En l’absence d’une stratégie actionnaire de l’Etat, la restructuration des entreprises publiques ne peut pas aboutir à des solutions radicales (facilités bancaires, rééchelonnement de dettes…), vu la complexité des procédures et les insuffisances au niveau de la gouvernance interne et de la publication des informations financières des entreprises publiques.
L’absence d’opérations de restructuration financière radicale des entreprises publiques traduit l’insuffisance du rôle de l’Etat garant de la continuité du service public stratégique et de l’incapacité d’exécution des investissements en infrastructure.

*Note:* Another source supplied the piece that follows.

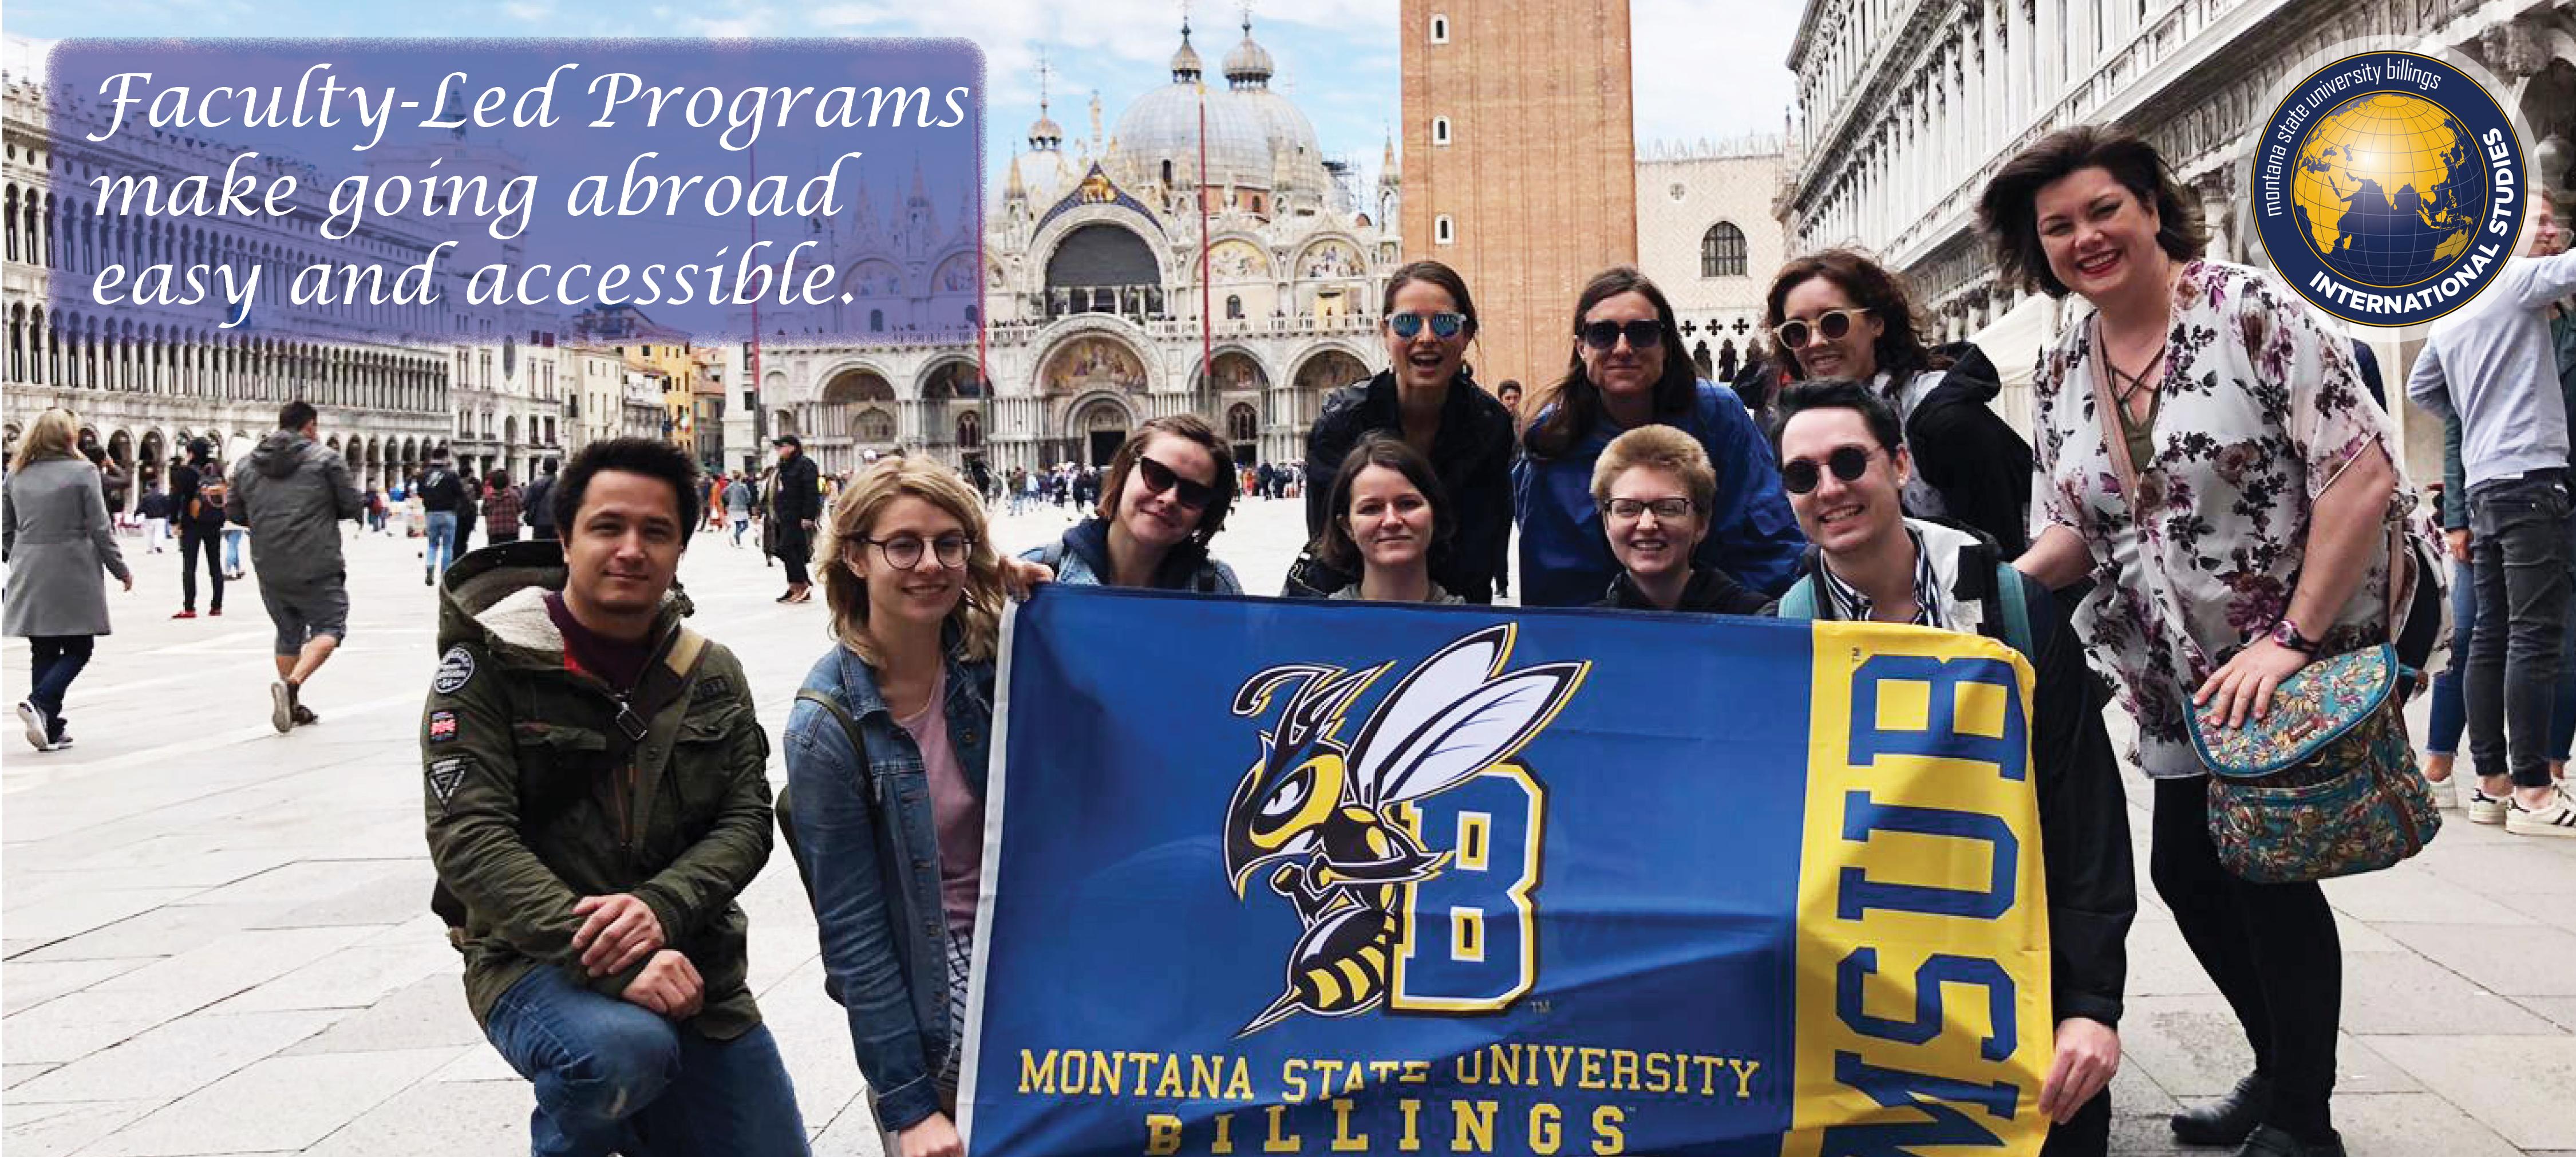 Faculty-led programs make going abroad easy and accessible.

D’après les experts économiques, « la restructuration financière exige une révision des procédures, une identification des entreprises à restructurer en priorité, concernant notamment leurs besoins de financement. Il s’agit aussi d’élaborer une étude sur la possibilité de créer un fonds national de recouvrement dédié à la recapitalisation des entreprises opérant dans des secteurs concurrentiels, de développer le partenariat entre les entreprises publiques et le secteur privé, et d’ouvrir le capital des entreprises publiques aux employés».